Json: Ignore nullptr values on constructing json object from a container

Created on 10 Jan 2019  路  5Comments  路  Source: nlohmann/json

I use void to_json(json& j, const Bar& b) function. In some cases I would like this function to just assign nullptr to j. For example...

void to_json(nlohmann::json& j, const Bar& b) {
    if (b.value == __FLT_MAX__) {
        j = nullptr;
        return;
    }
    j["name"] = b.name;
    j["value"] = b.value;
}
...

    std::vector<Bar> bars;
    bars.emplace_back("b1", 1.234);
    bars.emplace_back("b2", __FLT_MAX__);
    bars.emplace_back("b3", __FLT_MAX__);

    nlohmann::json j(bars);
    std::cout << j.dump(4) << std::endl;

Output...

[
    {
        "name": "b1",
        "value": 1.232
    },
    null,
    null
]

Is there a way for nullptr objects to just get ignored when the json object is created?
Such that the object to be...

[
    {
        "name": "b1",
        "value": 1.232
    }
]

I am aware of the parser_callback_t, anything similar for this?

question proposed fix

Most helpful comment

Another way to do this would be to provide an explicit to_json() for std::vector<Bar>, and apply the filter there:

void to_json(nlohmann::json& j, const Bar& b) {
    j["name"] = b.name;
    j["value"] = b.value;
}

void to_json(nlohmann::json& j, const std::vector<Bar>& b) {
  for(const auto& i : b) {
    if(i.value == __FLT_MAX__) {continue;}
    j.push_back(i);
  }
}

All 5 comments

Unfortunately, this is not possible at the moment (maybe @theodelrieu has an idea).

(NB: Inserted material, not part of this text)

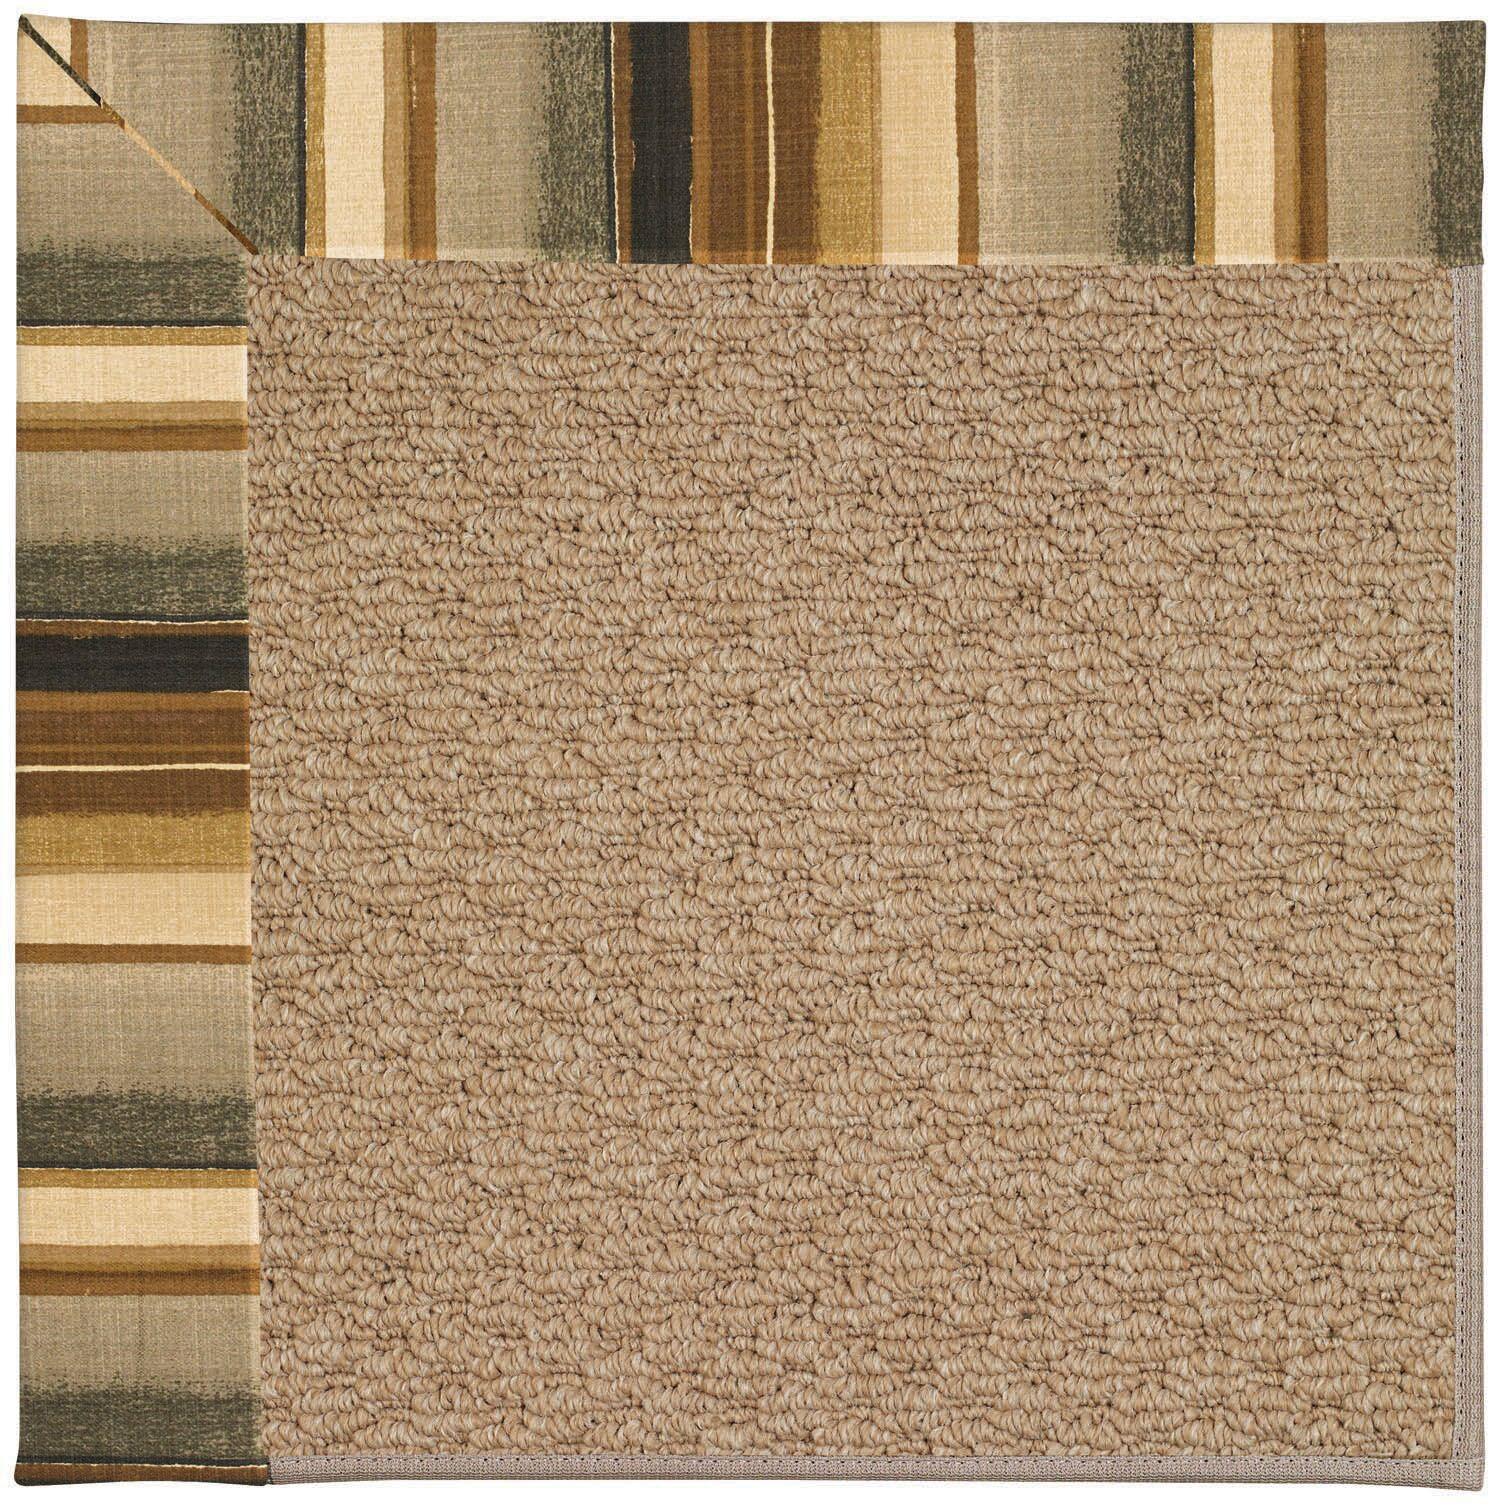 Lisle Machine Tufted Cinders/Brown Indoor/Outdoor Area Rug Rug Size: Rectangle 10' x 14'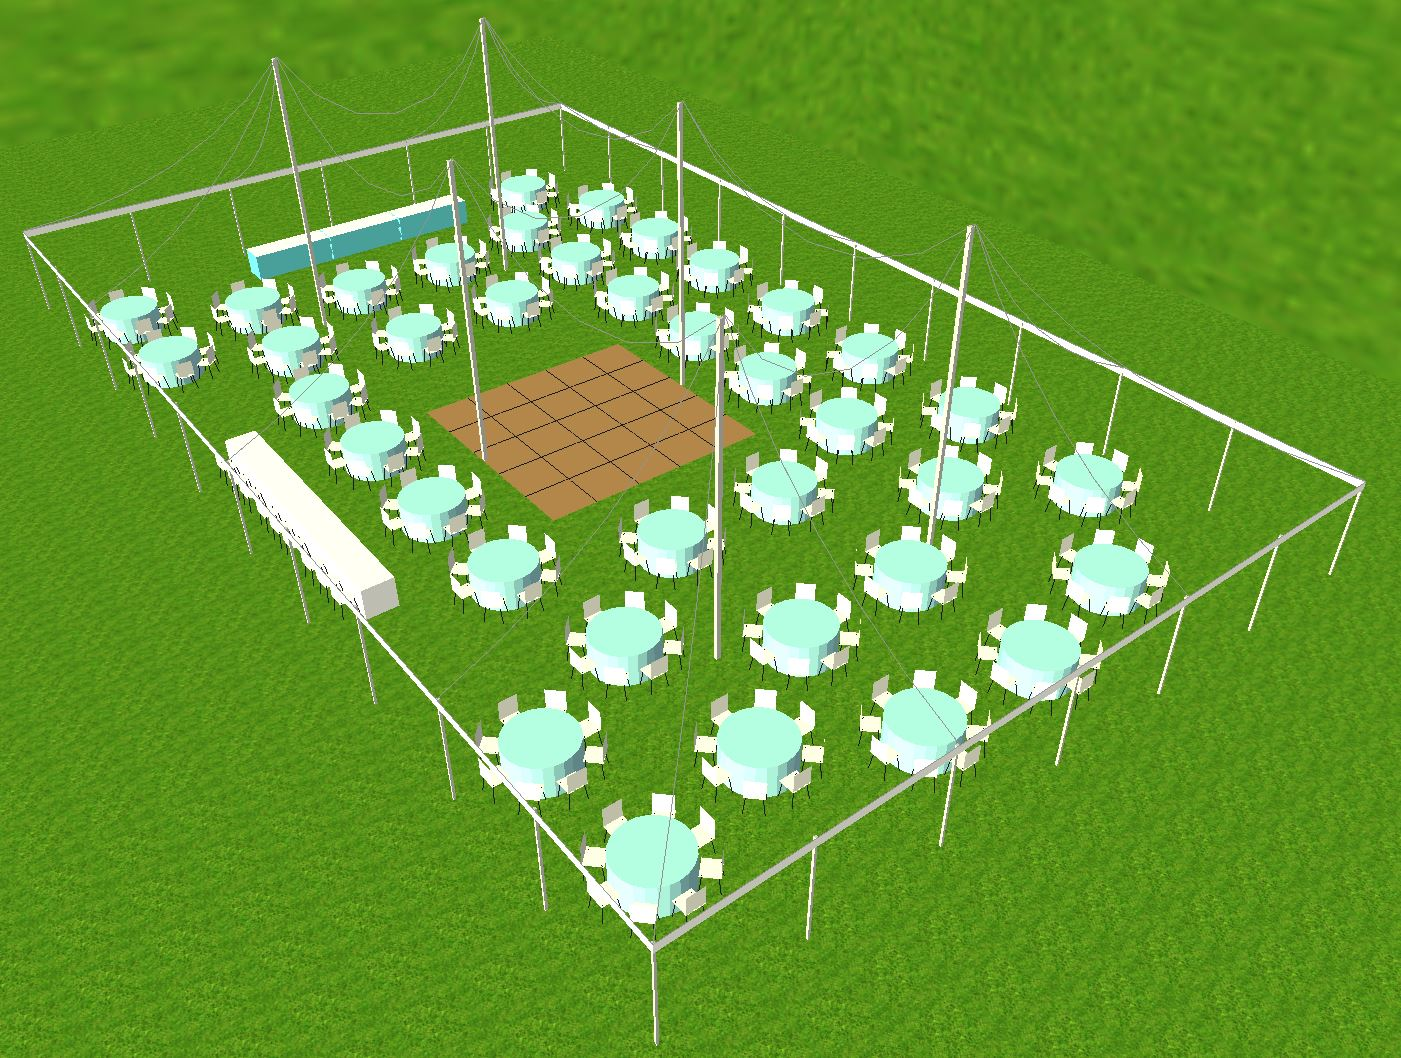 60x100 tent

In the meantime, you can employ the erase-remove idiom to remove null values, just like it is possible for std::vector:

j.erase(std::remove(j.begin(), j.end(), nullptr), j.end());

Another way to do this would be to provide an explicit to_json() for std::vector<Bar>, and apply the filter there:

void to_json(nlohmann::json& j, const Bar& b) {
    j["name"] = b.name;
    j["value"] = b.value;
}

void to_json(nlohmann::json& j, const std::vector<Bar>& b) {
  for(const auto& i : b) {
    if(i.value == __FLT_MAX__) {continue;}
    j.push_back(i);
  }
}

@FrancoisChabot very nice workaround indeed!

@vassilisw Does this solve your issue?

Yes it does, thanks (sorry for not closing).